Jack Tanner

The Rank and File and the General Strike

Source: Labour Monthly, Vol. VIII, July 1926, No. 7
Publisher: 162 Buckingham Palace Rd., London, SW1
Transcription/Markup: Brian Reid
Public Domain: Marxists Internet Archive (2007). You may freely copy, distribute, display and perform this work; as well as make derivative and commercial works. Please credit “Marxists Internet Archive” as your source.

IT is too soon yet to gauge or to understand fully what effect the General Strike will have upon the working-class movement. Much has been written already in the Labour Press on the subject. Books and pamphlets have been published outlining the history of it, the events that led to its taking place, and detailing progress from day to day. Articles have appeared analysing the factors that caused it, and that were responsible for its being called off.

Much more must be written and said, however, before a complete understanding of this great event can be obtained. All the facts are not yet known, and it is probable the rank and file of the Unions will never get to know the full story of what transpired in high places, or have an opportunity to appreciate all the elements, economic, historic, political, and personal, that influenced the General Council in its decisions. A complete survey of the general strike has yet to be made, and if all the factors can be collated, analysed, and their effects apportioned accurately, such a work will be of inestimable value to the working-class movement—a real Revolutionists’ handbook.

A summary of the effects it has had upon the workers will not he the least difficult or least important part of such a work. At the present time it is only possible to give a brief and cursory outline of the thoughts and feelings of the rank and file.

While the theoreticians are theorising, and Labour writers are filling pages, while Trade Union leaders are orating—or remaining silent, according to their responsibilities and understanding of loyalty to the General Council—the members of the unions, the men and women who were in the struggle, have thoughts, feelings and impressions of the strike, that become more concrete and definite every day. Whether those thoughts and impressions are correct and justified is not the question. They are there. Circumstances and experiences have created them, and that they are in the main unfavourable to the leaders is generally known.

It has been said that it is not a question of criticism of this or that individual leader; that abuse and condemnation of them will not help to a clearer understanding of the position. This is a cold and logical outlook; one needs to have a knowledge of most of the facts that operated, and be somewhat detached also, to see things from such a standpoint. But the workers have not the knowledge, nor can they detach themselves, they can only judge things from a casual viewpoint, and from the immediate and material results of any action, or the lack of them.

The average general feeling is not against any particular individuals; the whole General Council has been condemned. Its members, having apparently agreed among themselves to hang together, are being condemned together. That they have been condemned unheard is their own fault.
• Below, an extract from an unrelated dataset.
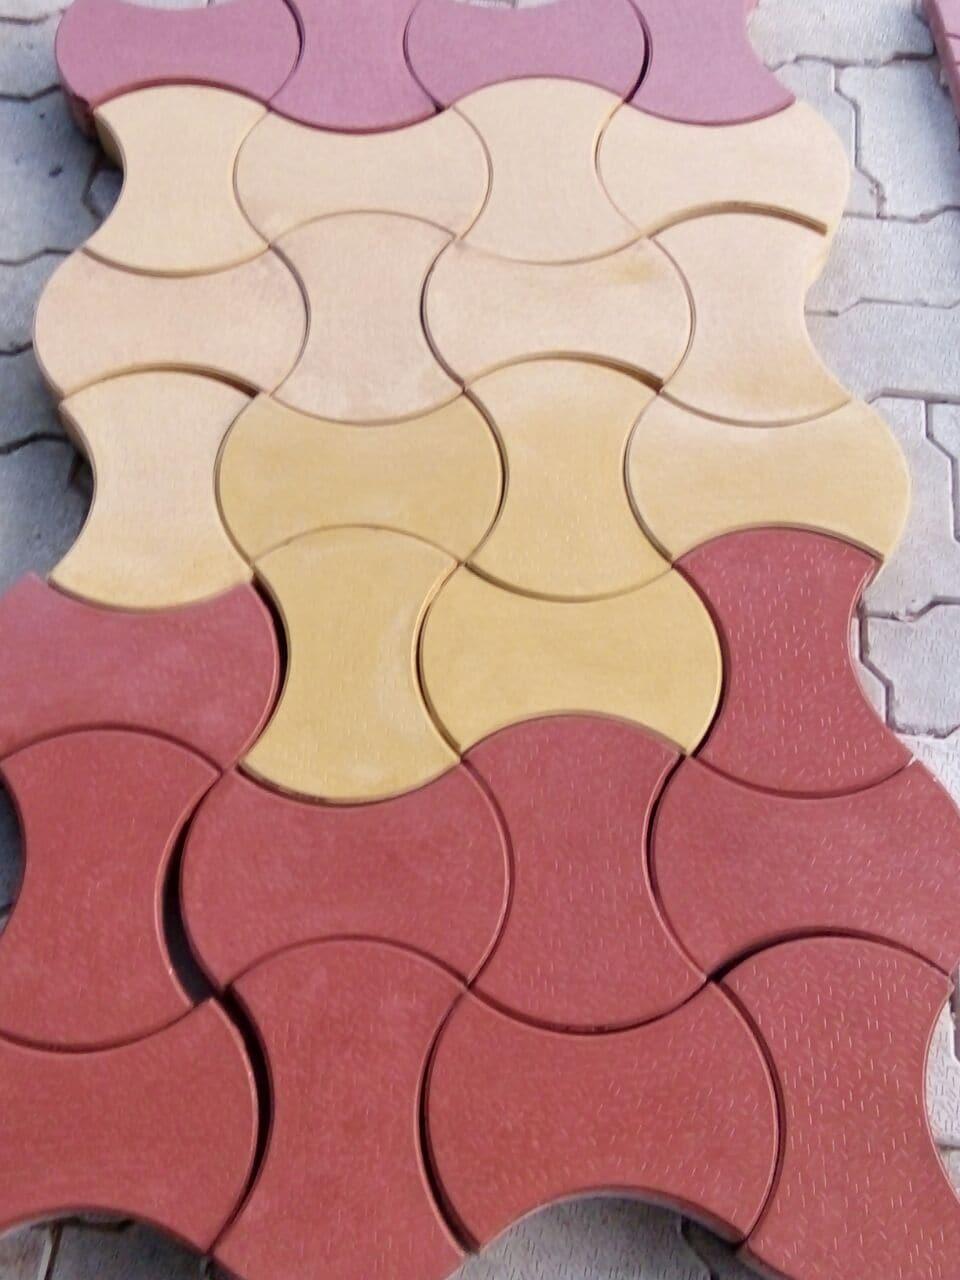 Top 30 Kerb Stone Manufacturers in Kolkata - Best Block Paving

If they choose to delay a full explanation indefinitely, they must not grumble if the workers form conclusions that may be wrong.
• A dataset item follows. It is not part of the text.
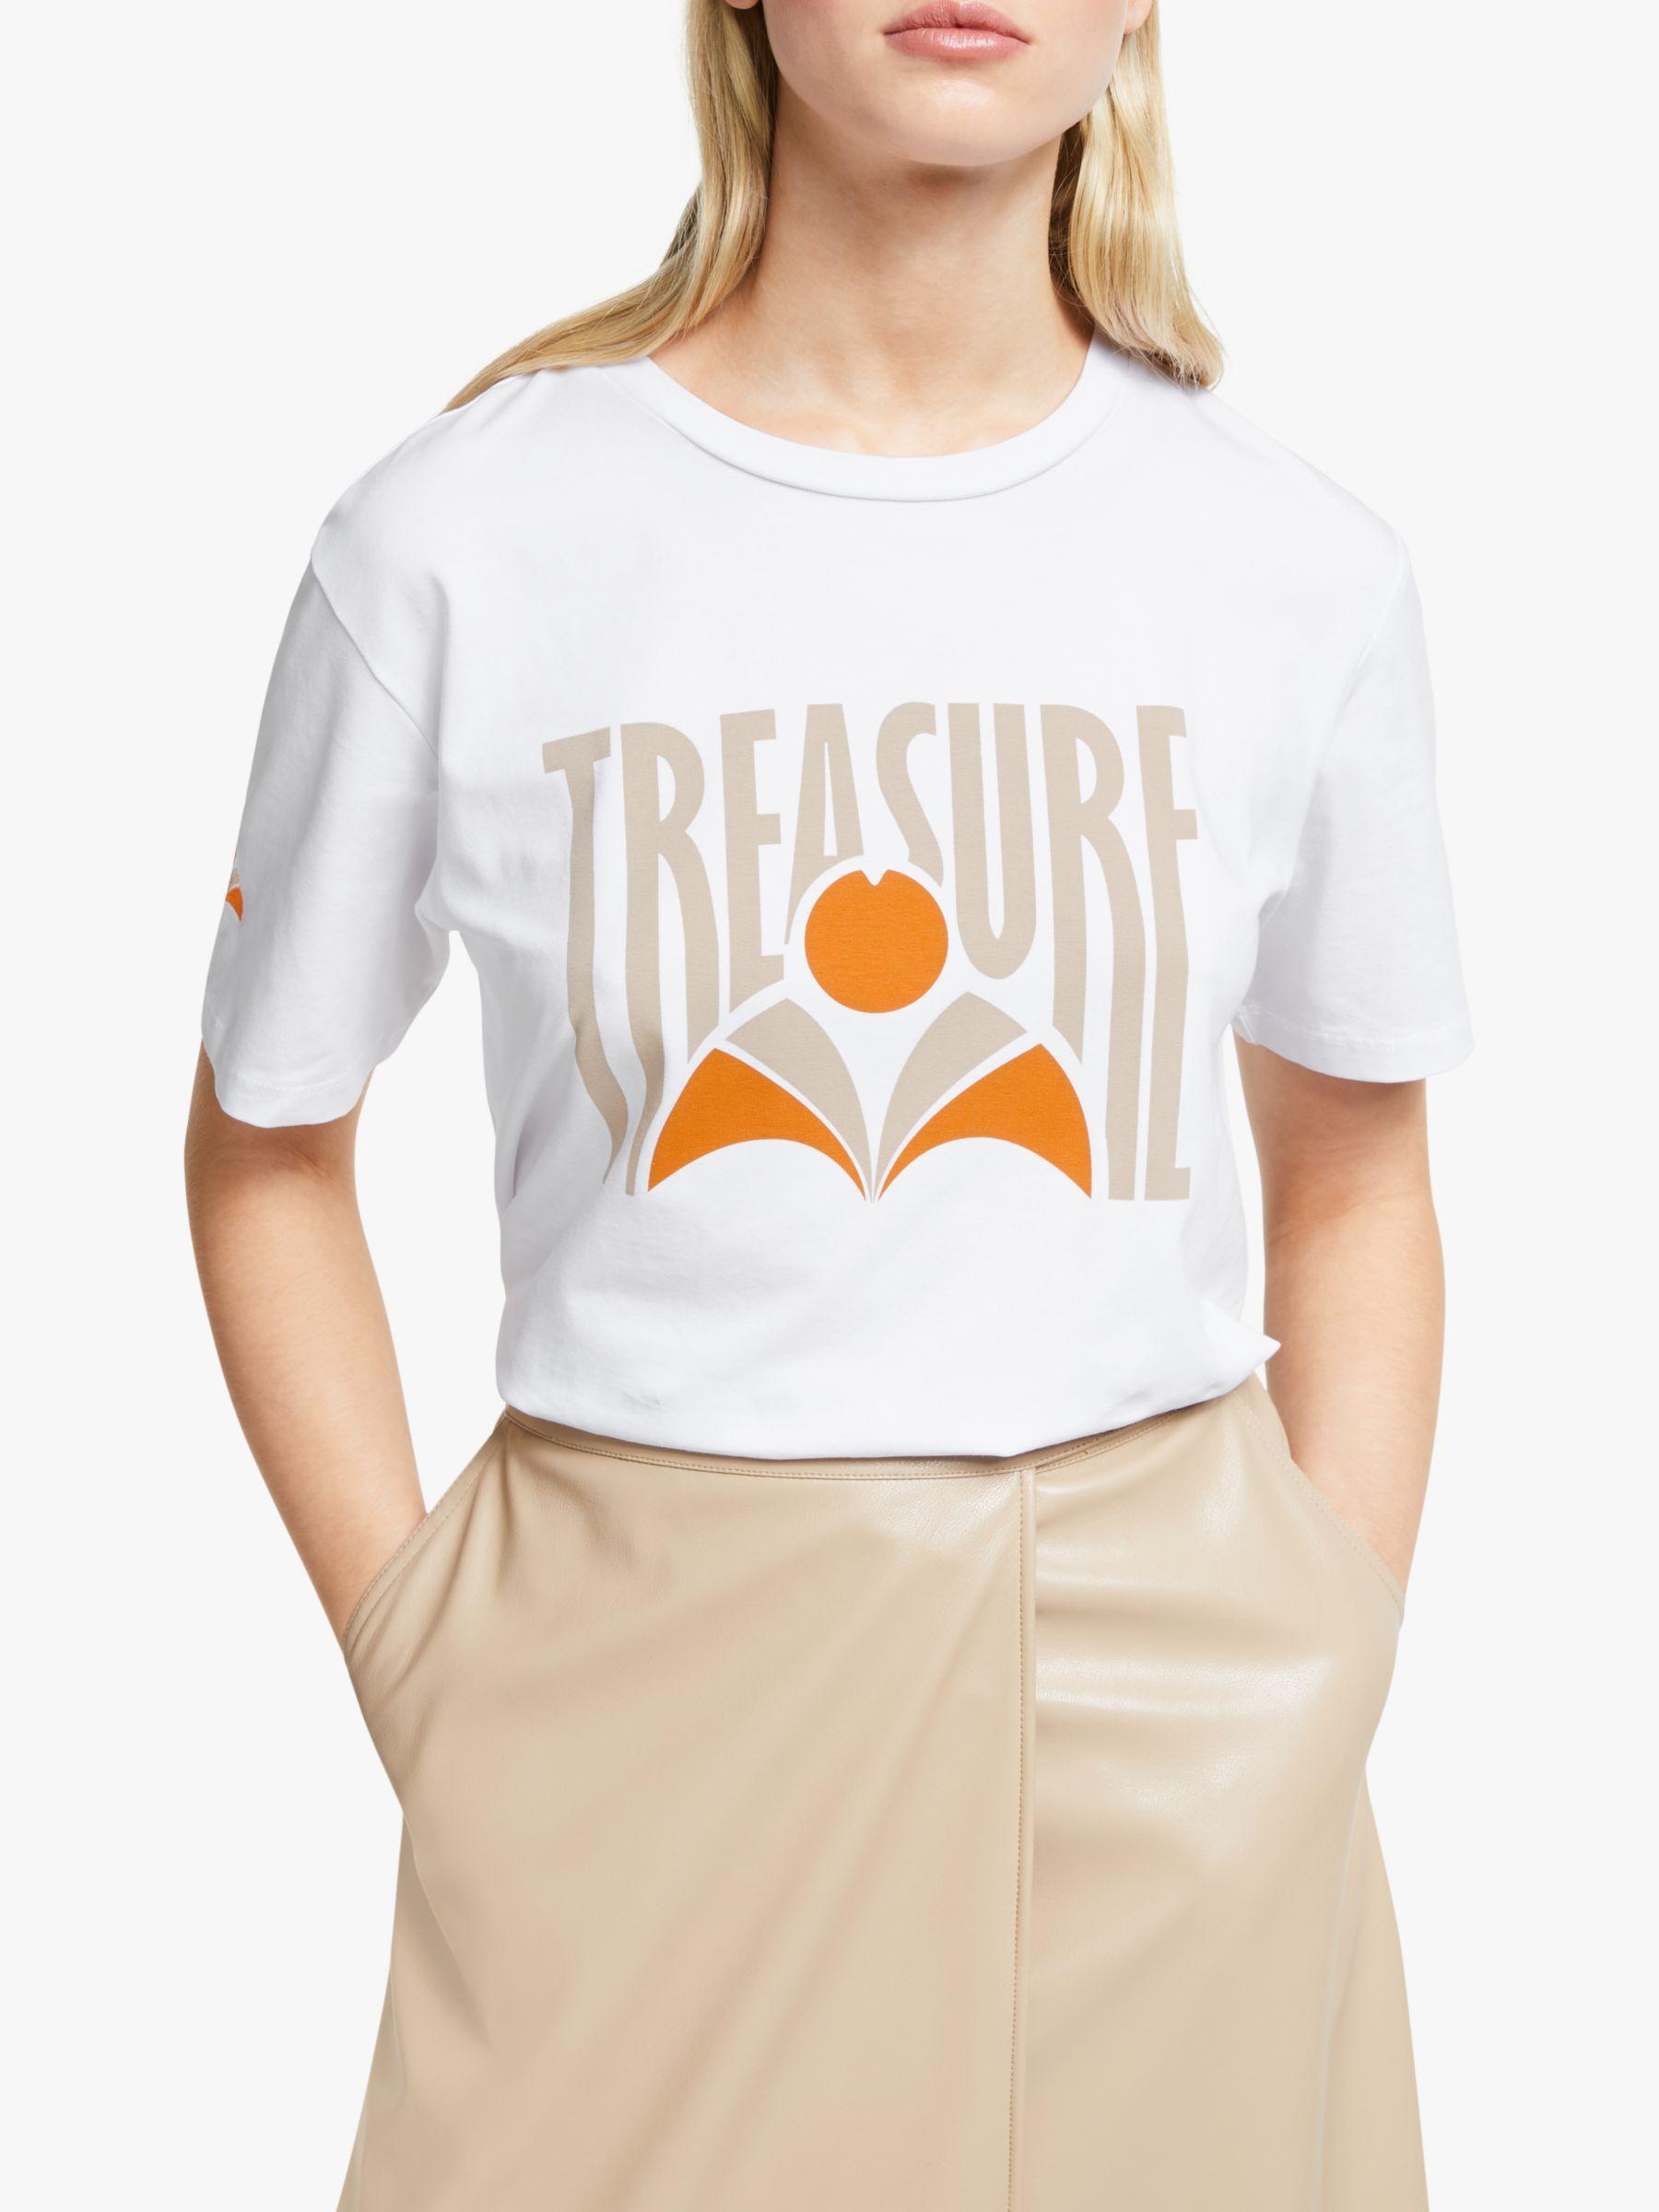 Gestuz Gestuz Treasure Print T-Shirt, Bright White

The general strike was called to assist the miners. This was clearly understood by all who took part in it. It was to prevent a reduction in wages, to prevent an increase in working hours, and interference with the principle of national agreements. The general strike did not achieve this, these issues are still unsettled. There has been no material or practical gain as a result of it. The splendid solidarity displayed, the sacrifices made seem to the average trade unionist to have been wasted. Nothing concrete or tangible has resulted.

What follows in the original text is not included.